Copy exactly the lines from the start of the material through the line with "Buy White Walker". Pictures stay out of the copy.

Provided data:
================================

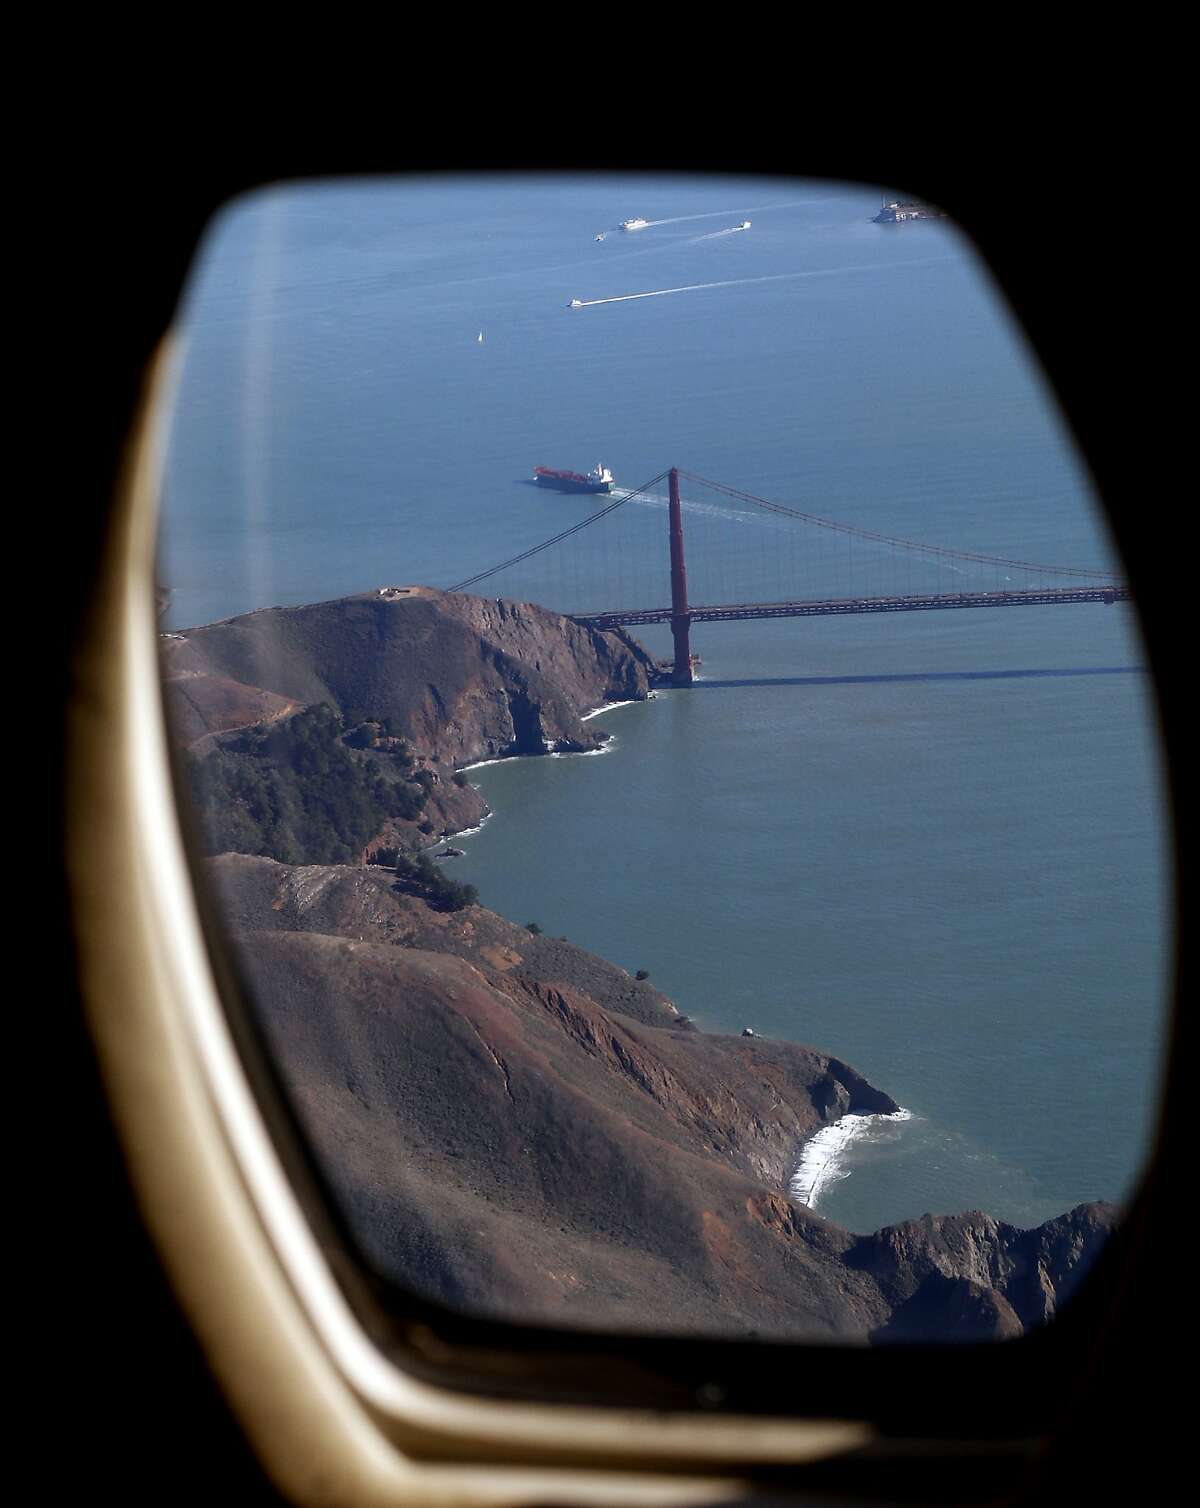 An XOJET Cessna Citation X flies over San Francisco, Calif., on Monday, January 13, 2014.
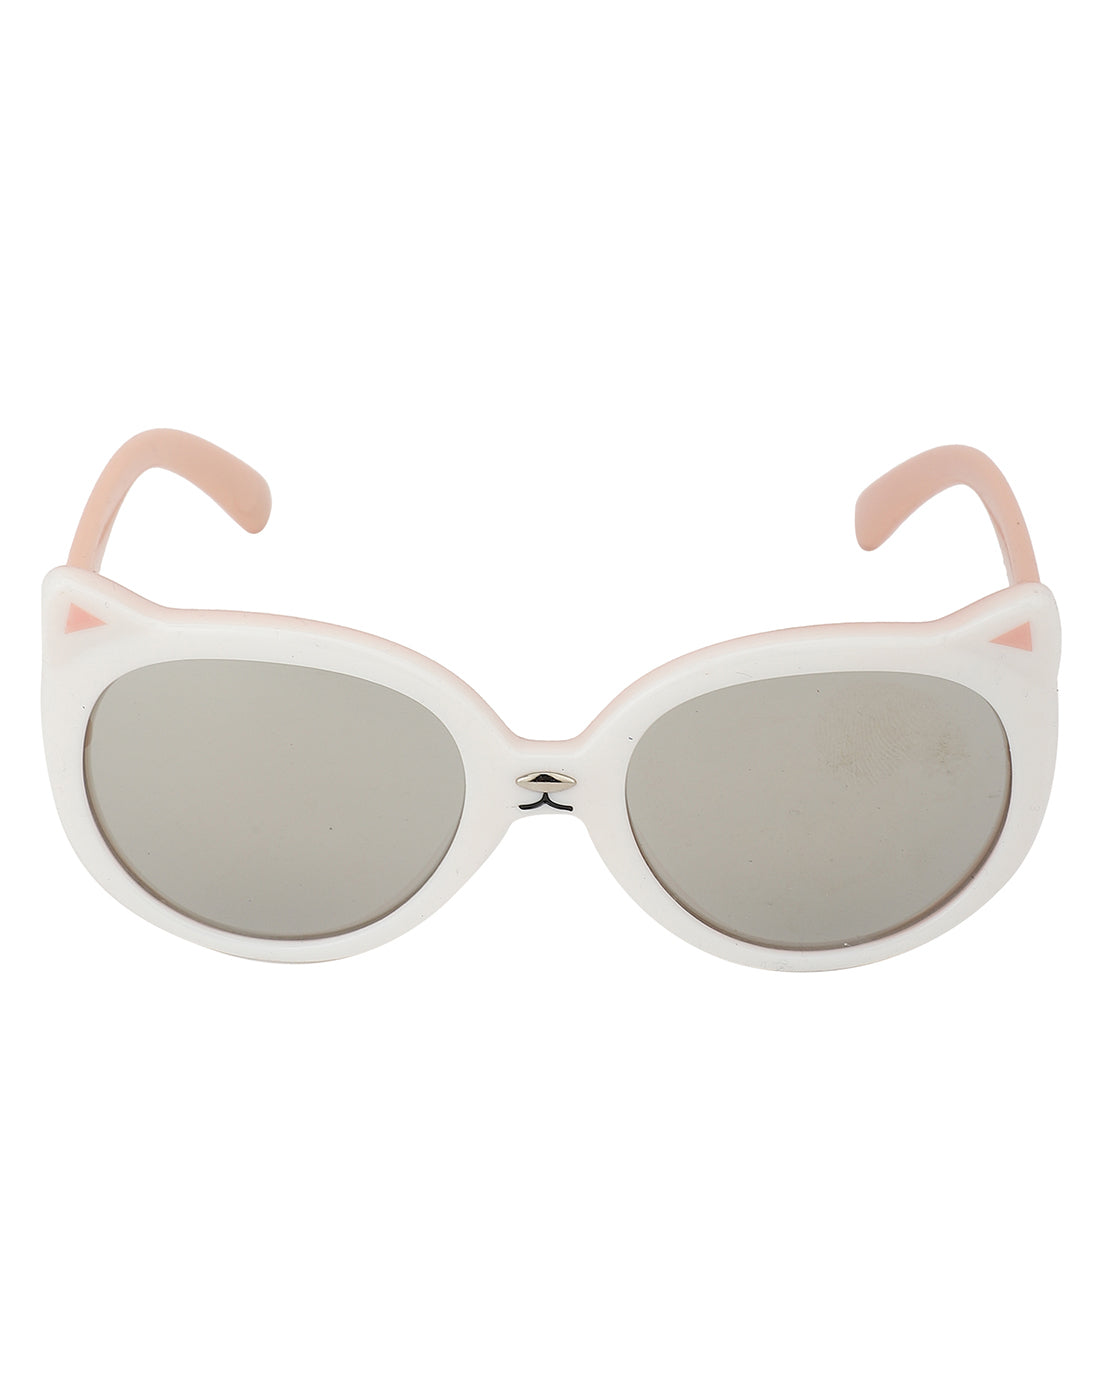 Buy White Walker Black Sunglasses for Women Online at Eyewearlabs
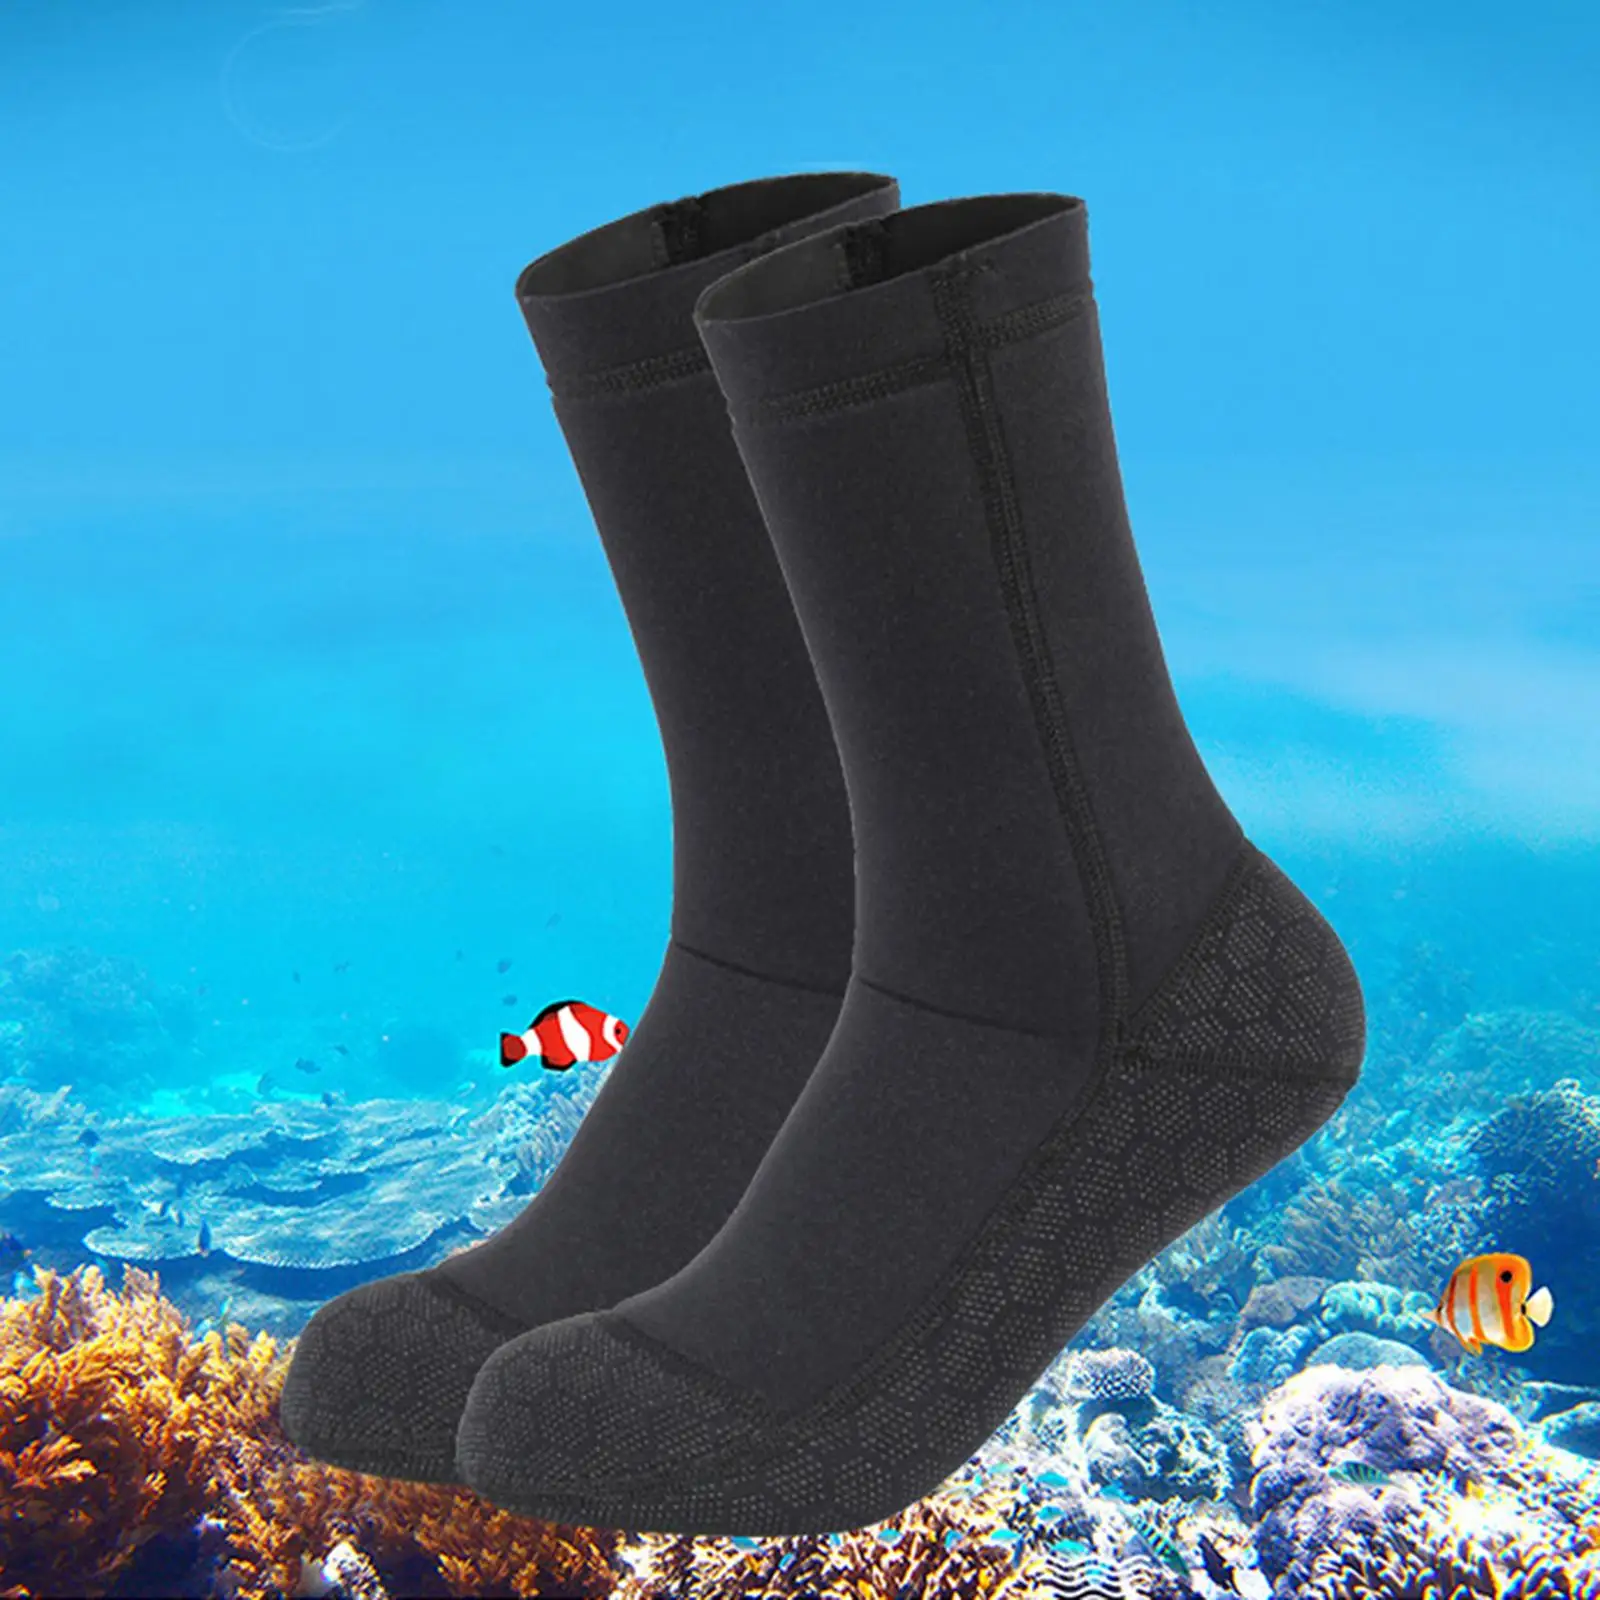 Diving Socks Flexible Warm Beach Fin Socks Sand Proof Water Socks Anti Slip for Water Sports Swim Kayaking Surfing Unisex Adult

================================

Response:
 An XOJET Cessna Citation X flies over San Francisco, Calif., on Monday, January 13, 2014.
 Buy White Walker Black Sunglasses for Women Online at Eyewearlabs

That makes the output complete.